Ainda na terça-feira, a Associação Brasileira dos Condutores de Veículos Automotores (Abrava) emitiu nota em protesto ao reajuste.

“O governo e a Petrobras mudaram a estratégia, não estão aumentando tudo de uma vez. Uma semana aumenta o gás, na outra a gasolina e agora o diesel. Lembramos que essa luta pelo fim do PPI (preço de paridade de importação) não é só dos caminhoneiros, mas, sim, de toda a população brasileira, principalmente os mais vulneráveis e a classe média”, manifestou a Abrava, em nota.

Apelo

O presidente Jair Bolsonaro (PL) chegou a pedir para que o presidente da Petrobras, José Mauro Coelho, não elevasse os preços dos combustíveis. Entretanto, a solicitação não foi atendida.

“Vocês não podem, ministro Bento Albuquerque e senhor José Mauro, da Petrobras, não podem aumentar o preço do diesel”, disse Bolsonaro em sua live semanal. “Não estou apelando, estou fazendo uma constatação levando-se em conta o lucro abusivo que vocês têm. Vocês não podem quebrar o Brasil. É um apelo agora: Petrobras, não quebre o Brasil, não aumente o preço do petróleo. Eu não posso intervir. Vocês têm lucro, têm gordura e têm o papel social da Petrobras definido na Constituição”.

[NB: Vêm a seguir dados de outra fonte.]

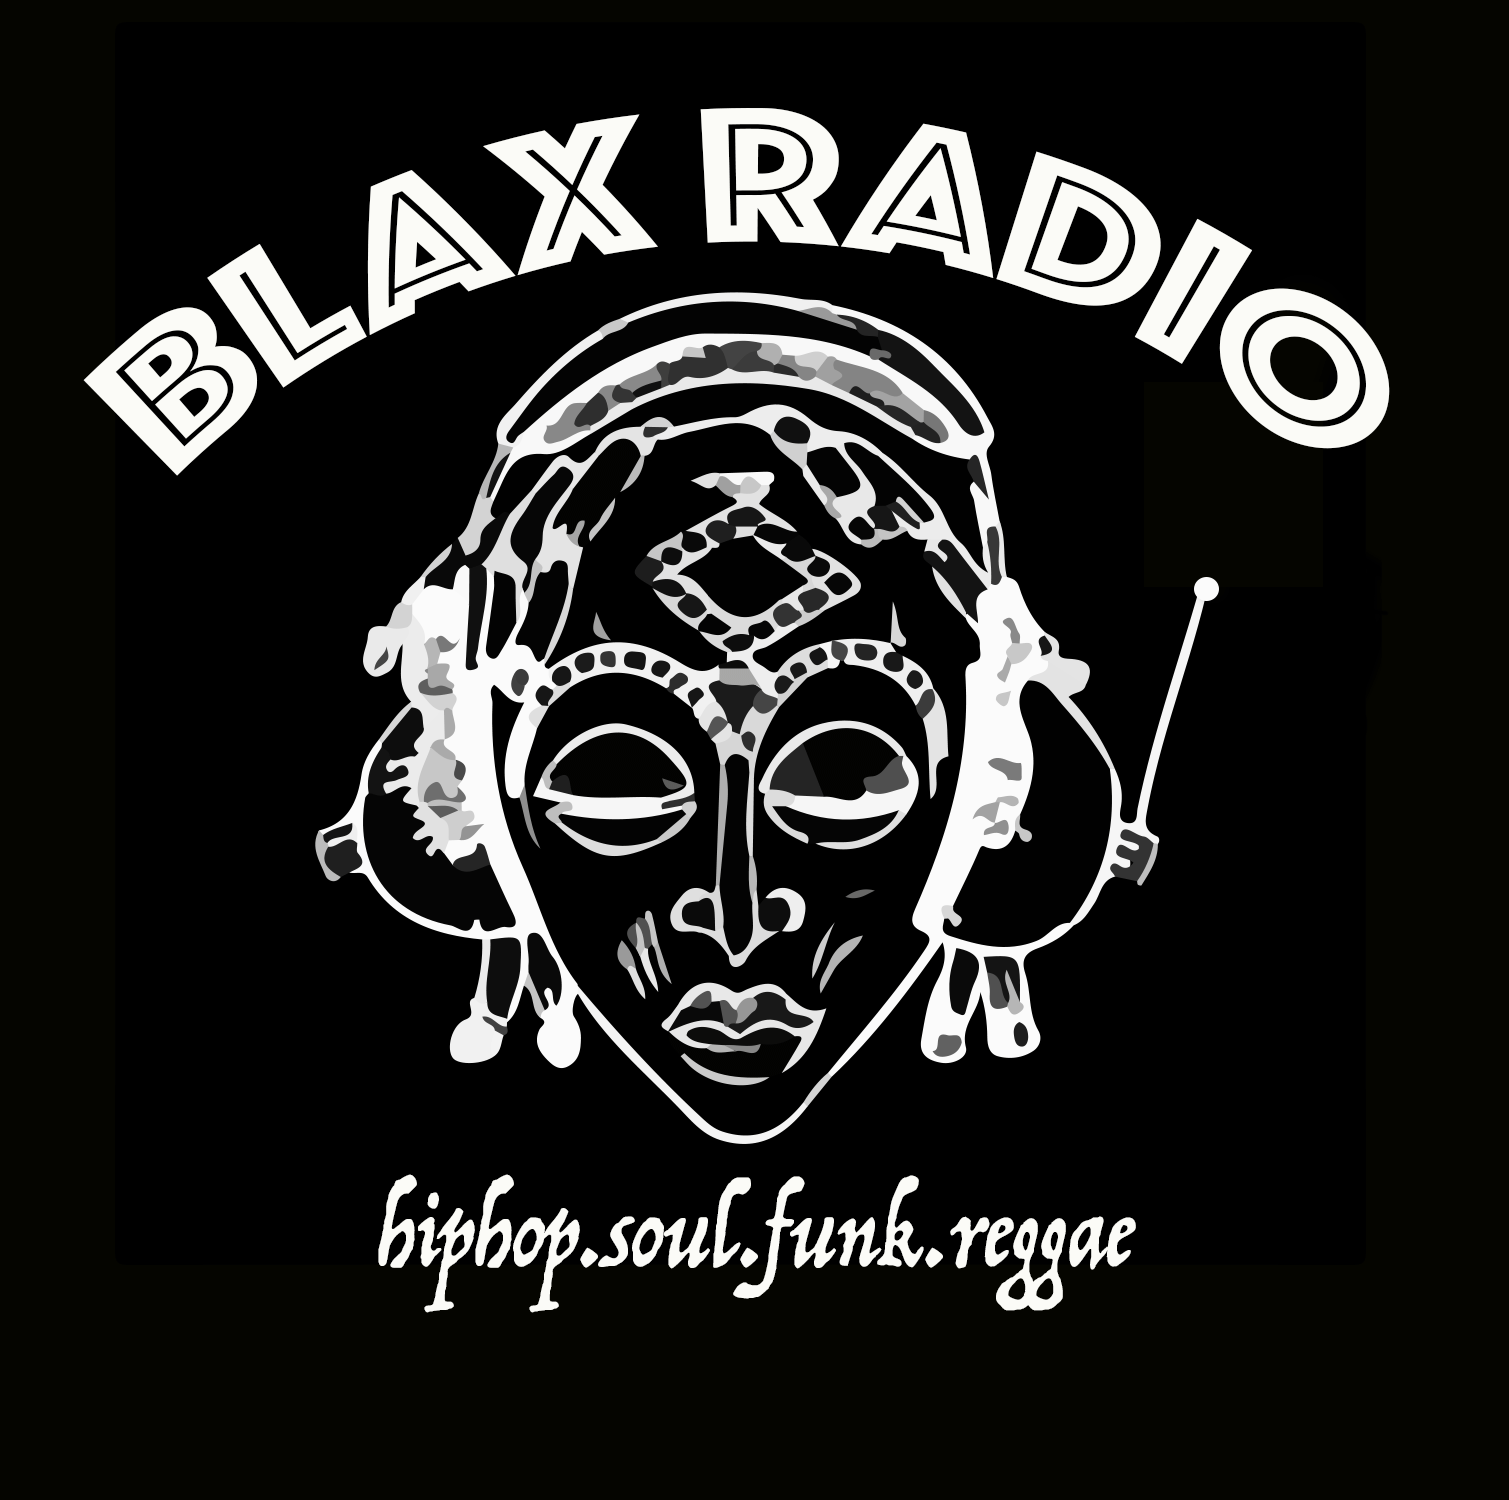 Art for Blax Radio Favorite1 by Rage Souljah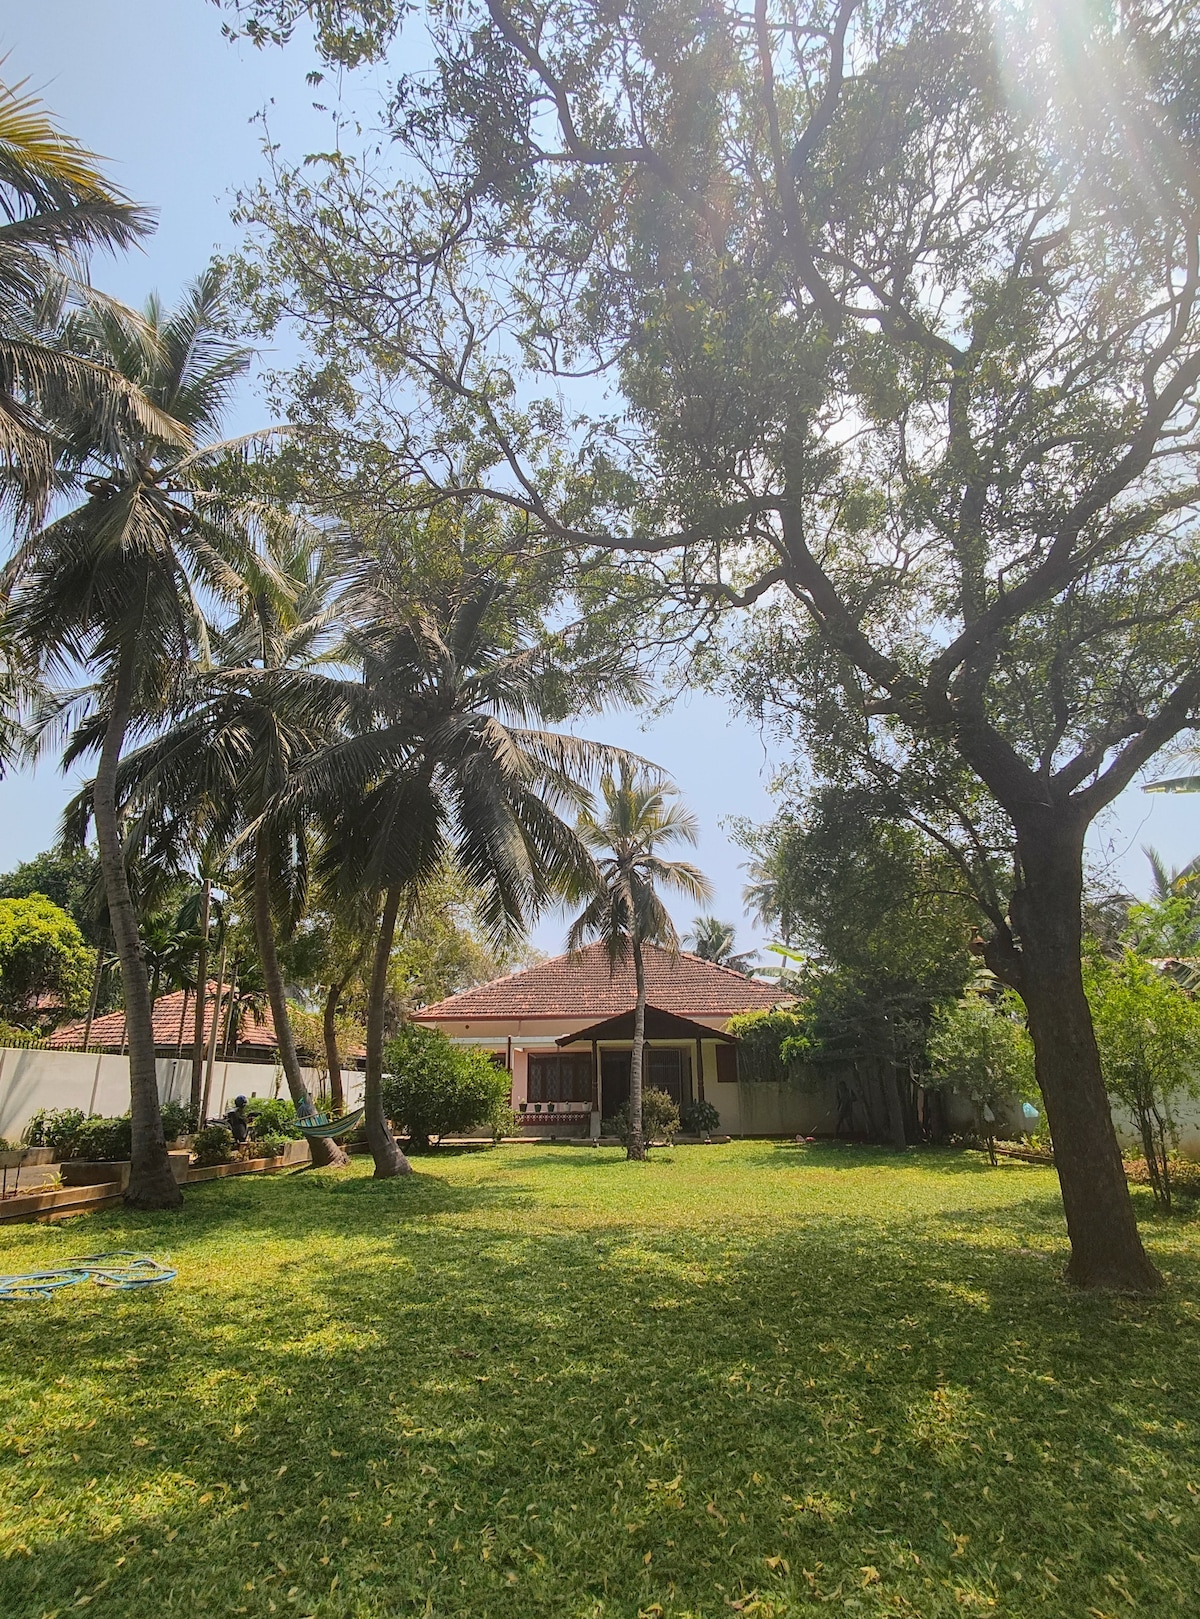 Raja Nada Thiru's Villa

Em resposta, Coelho afirmou que a estatal não é “insensível à economia brasileira”, mas que continuará seguindo os preços de mercado. “Eu acho legítima a preocupação do presidente Jair Bolsonaro em relação aos preços mais elevados dos combustíveis, essa elevação do preço acontece em todo o mundo”, afirmou o presidente da Petrobras. “Por outro lado, por dever de diligência, os administradores da Petrobras, de capital aberto, devem atuar alinhados com a atual política de preços da companhia”.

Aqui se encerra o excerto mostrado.